START GIVEN MATERIAL

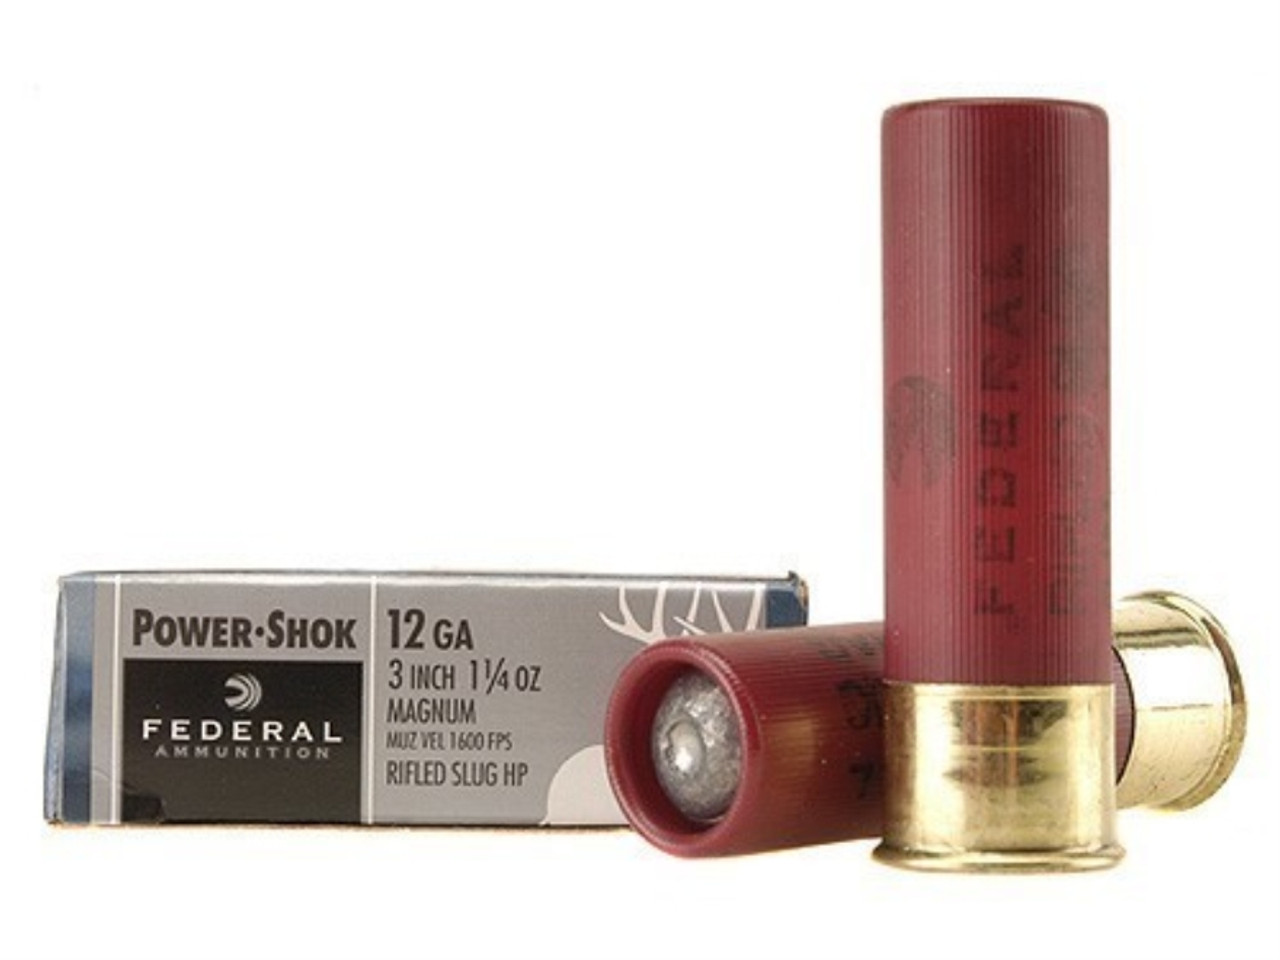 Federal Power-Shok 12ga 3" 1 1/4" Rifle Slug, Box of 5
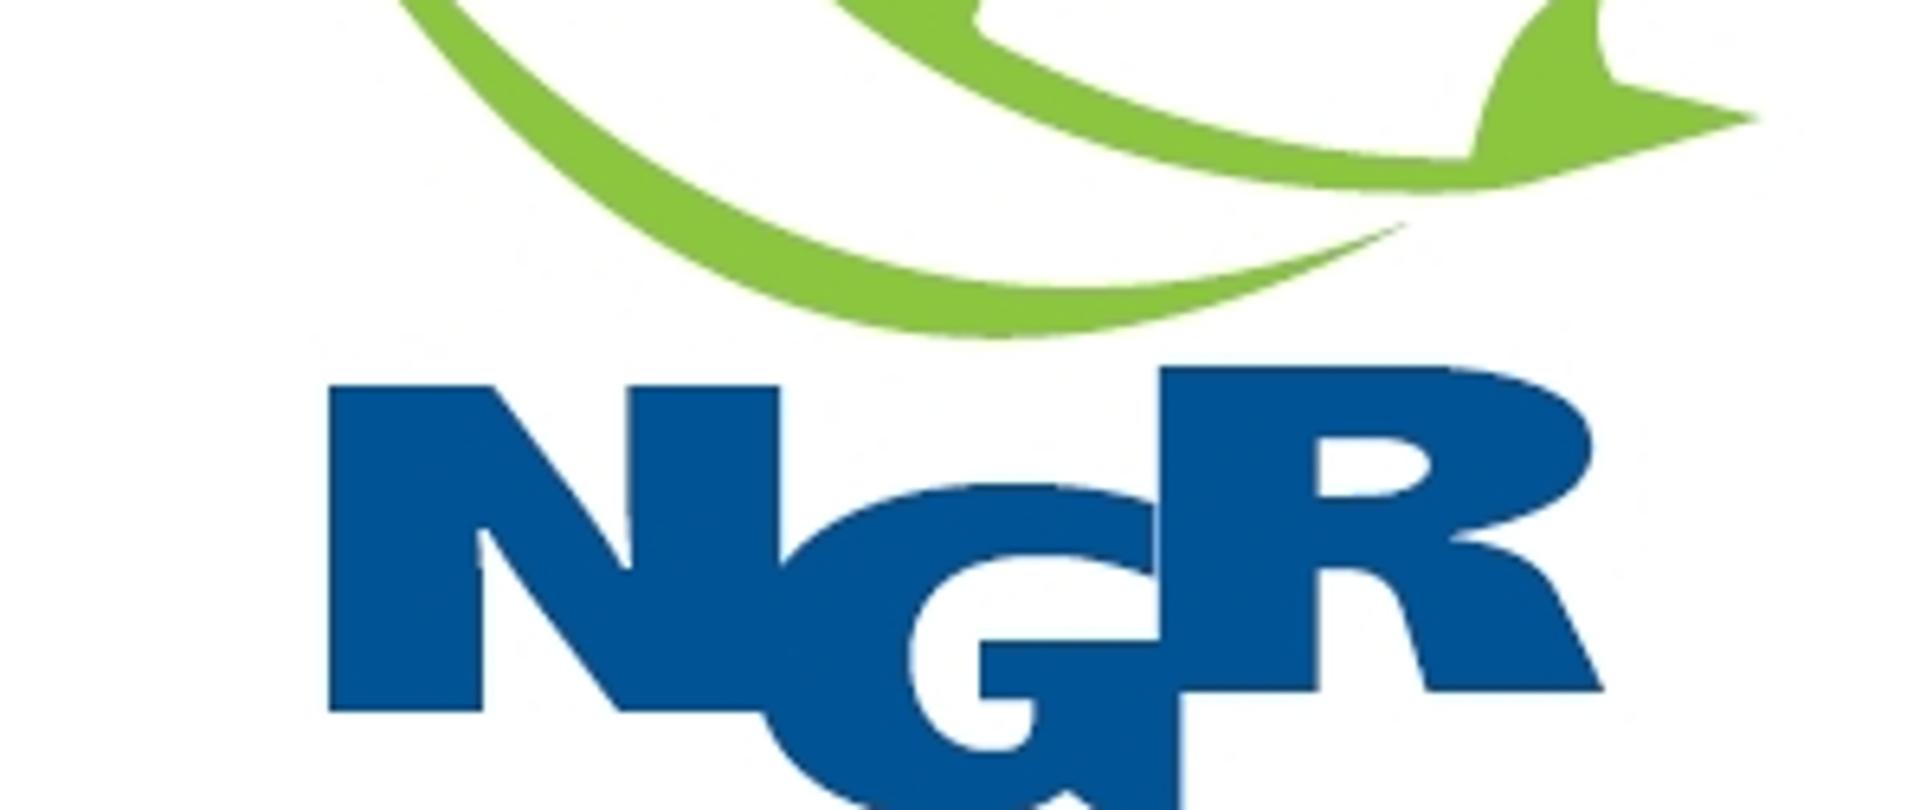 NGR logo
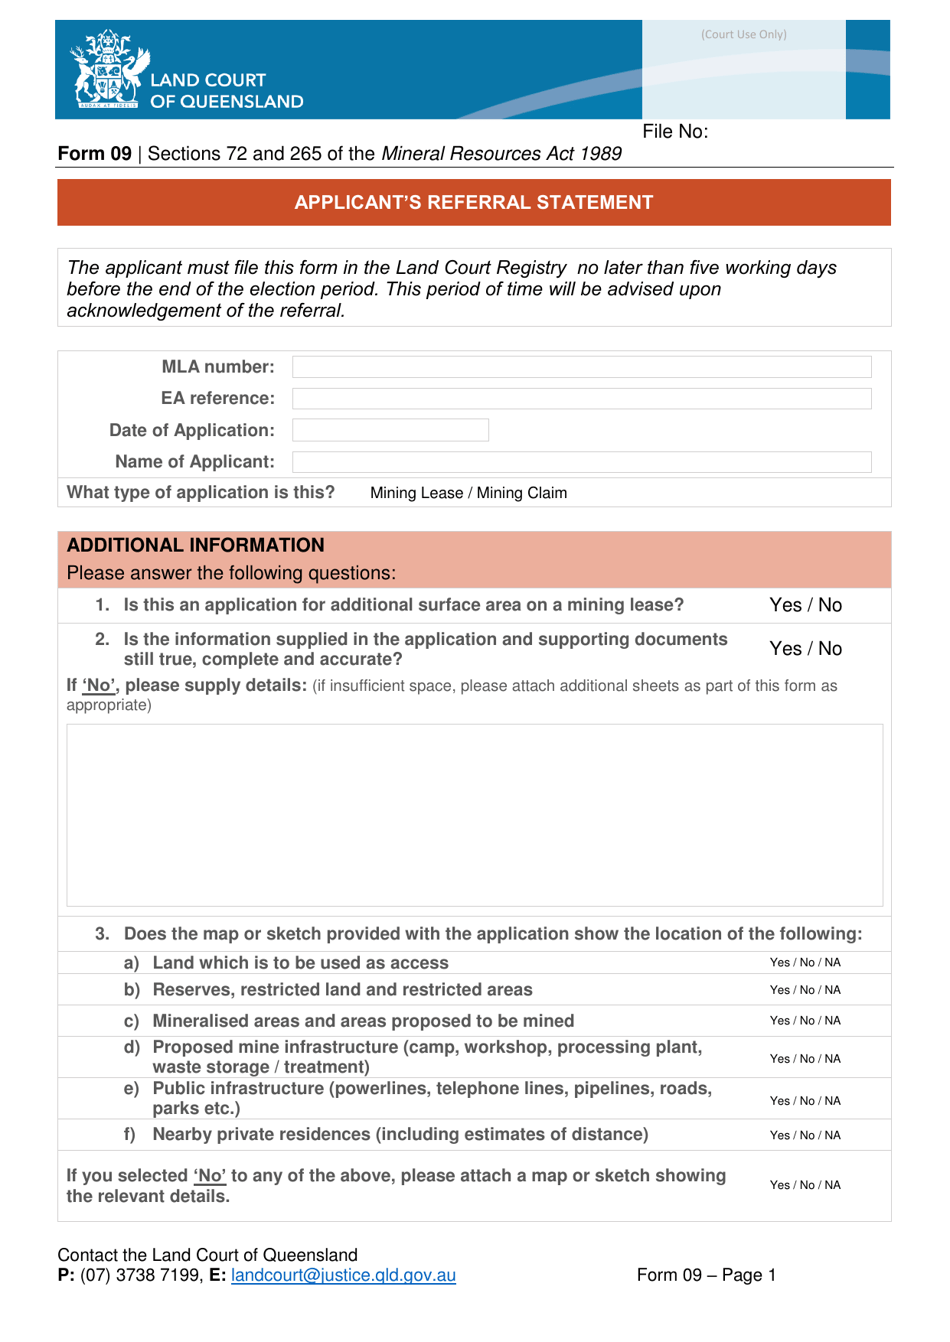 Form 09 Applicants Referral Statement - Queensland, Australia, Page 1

END GIVEN MATERIAL

◆ WORK REQUIRED:
Take the listing above and restate it word for word, without its pictures.

◆ ANSWER SECTION:
 Federal Power-Shok 12ga 3" 1 1/4" Rifle Slug, Box of 5
 NGR logo
 Form 09 Applicants Referral Statement - Queensland, Australia, Page 1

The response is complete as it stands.